T Cell Exhaustion and the Role of Infections in Alzheimer's Disease

Is Alzheimer's disease the result of persistent infection, or the interaction of several different persistent infections? If a long-term burden of infection is a primary driver of the development of the condition, it would help to explain why lifestyle factors strongly associated with other age-related conditions, such as obesity and lack of exercise, don't correlate anywhere near as well with Alzheimer's incidence. Given the apparent importance of chronic inflammation in Alzheimer's pathology, one might expect it to be more of a lifestyle condition than is in fact the case. But chronic infection has a different, overlapping incidence, and this may better fit the observed pattern of disease.

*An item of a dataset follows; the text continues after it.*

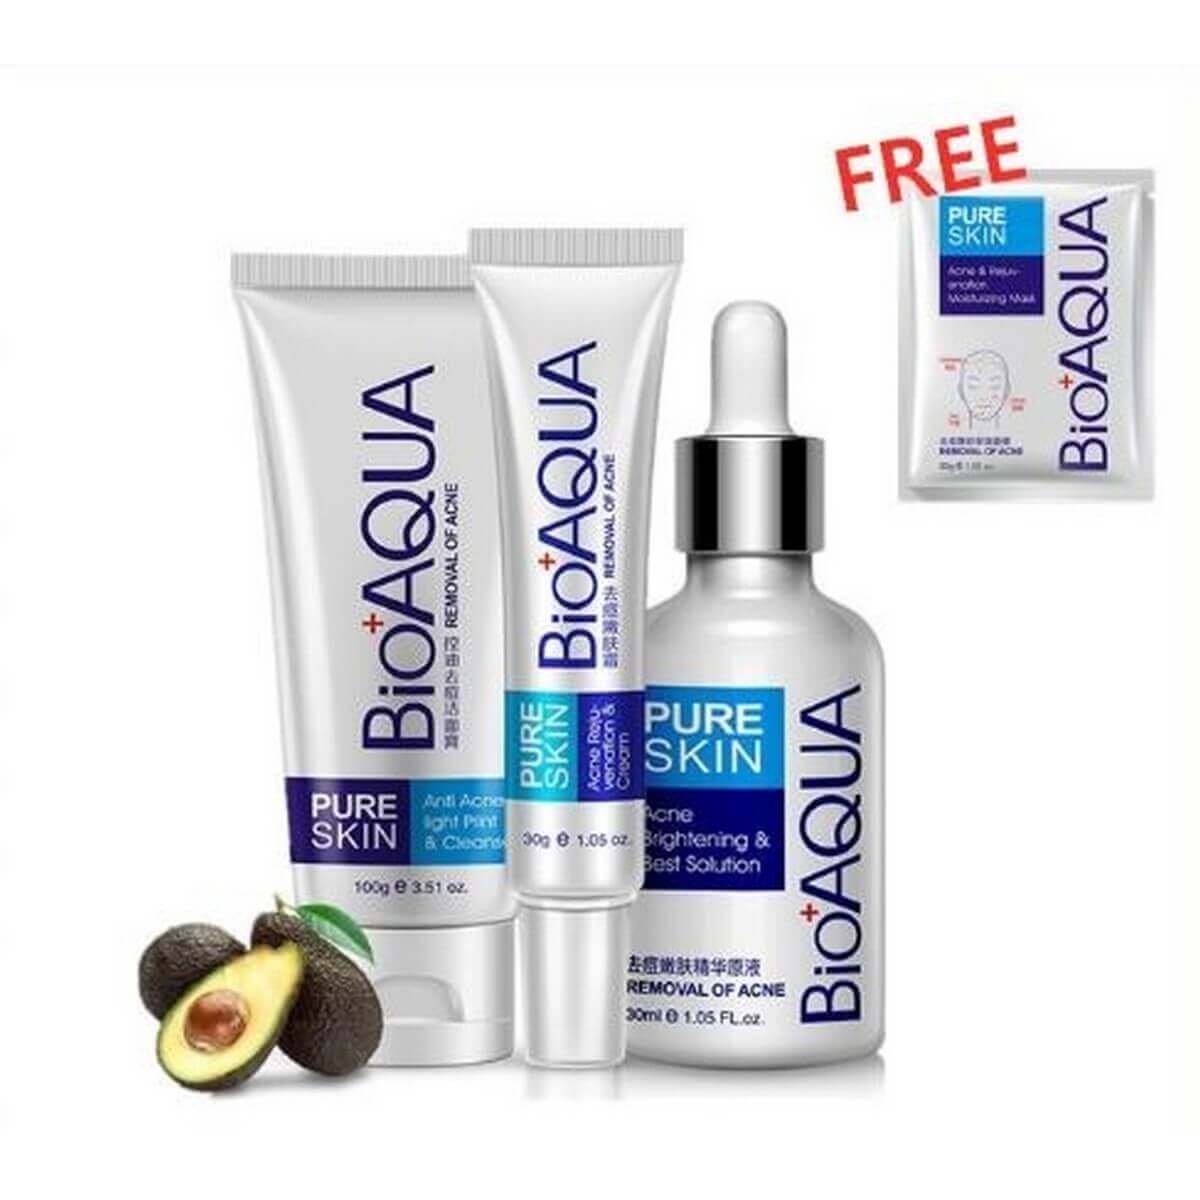 bioaqua pure skin acne brightening best solution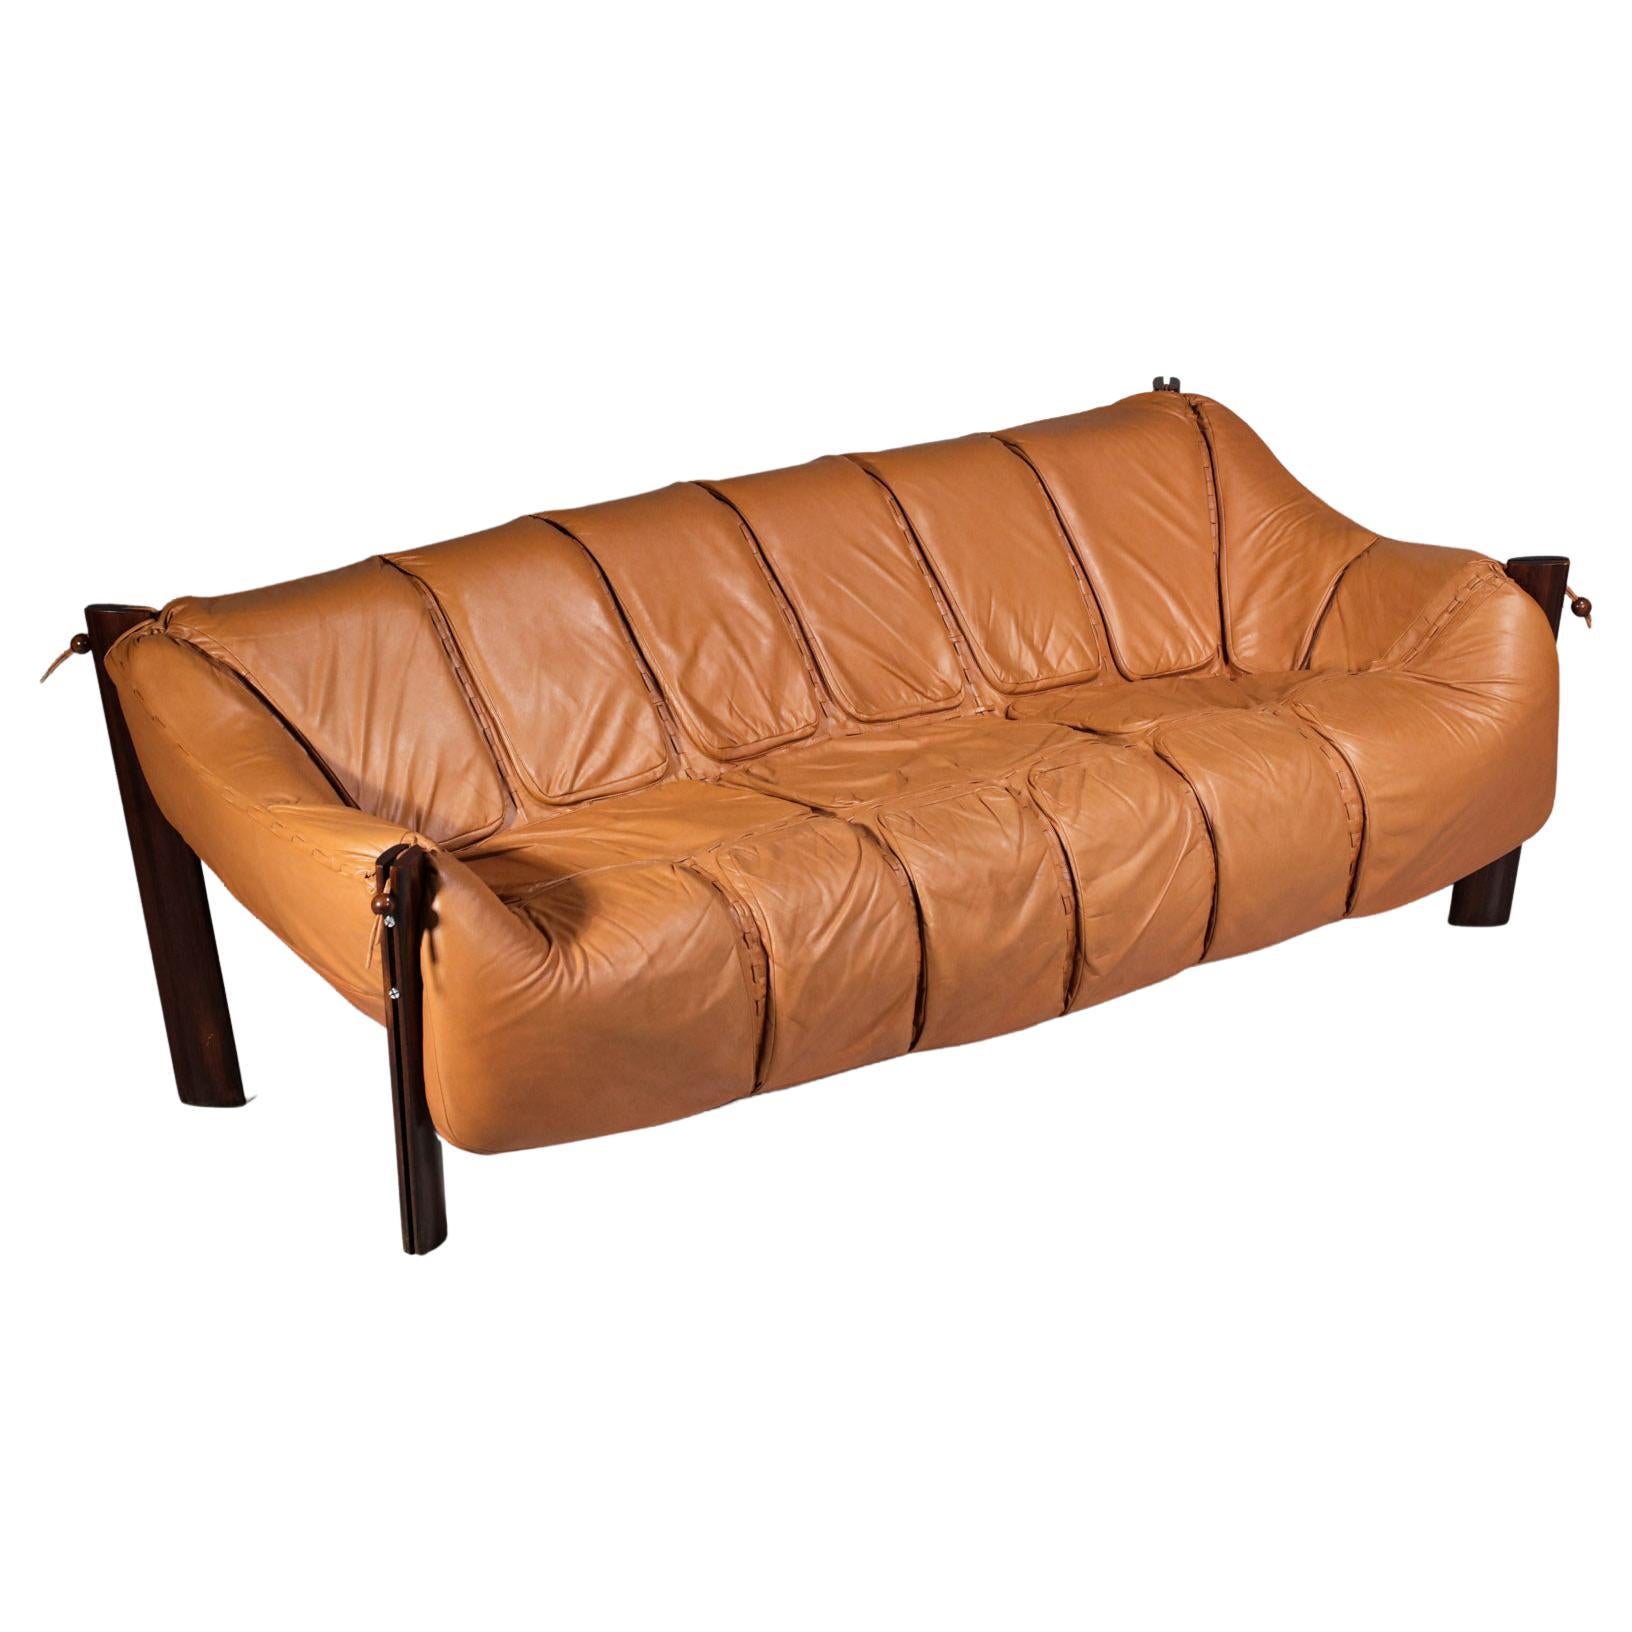 Rare Large Sofa Percival Lafer MP 211 Leather Camel Brazilian Design 60's

Researchers here discuss this view of Alzheimer's disease in the context of their analysis of immune cell populations, finding that T cell exhaustion tends to correlate with the severity of Alzheimer's symptoms. T cell exhaustion is a complex, loosely defined, and not fully understood phenomenon in which an increasing number of T cells respond poorly to antigen presentation. They don't react as aggressively as they should, and immune function is compromised as a consequence. This is distinct from T cell senescence, also a feature of aging. Exhaustion is a state that appears to be reversible, given the right changes in regulatory systems.

T cell exhaustion is associated with cognitive status and amyloid accumulation in Alzheimer's disease

In this study we examined immune system alterations early in the progression to Alzheimer's disease (AD). We observed multiple changes across the peripheral innate and adaptive immune systems associated with amyloid and cognitive status within our aging cohort. In the innate immune system, we observed increased plasmacytoid and myeloid dendritic cells in amyloid positive participants, but these changes were particularly pronounced in those with mild cognitive impairment. We also observed a decrease in total natural killer cells with amyloid positivity. When the adaptive immune system was examined, we observed increases in total T cells and B cells in amyloid positive participants.

To further understand alterations in the T cell pool we used flow cytometry to interrogate T cell differentiation and function. We observed an increase in differentiated CD4+ and CD8+ T cell phenotypes in amyloid positive participants with mild cognitive impairment. Surprisingly, we observed an increase in functional CD4+ and CD8+ T cells in amyloid positive cognitively normal participants, while those from amyloid positive mild cognitive impairment subjects had a dramatic increase in exhausted T cells. Importantly when T cell function was compared to cognitive status as determined by mini-mental state examination (MMSE), patients with the lowest score had the highest number of exhausted cells.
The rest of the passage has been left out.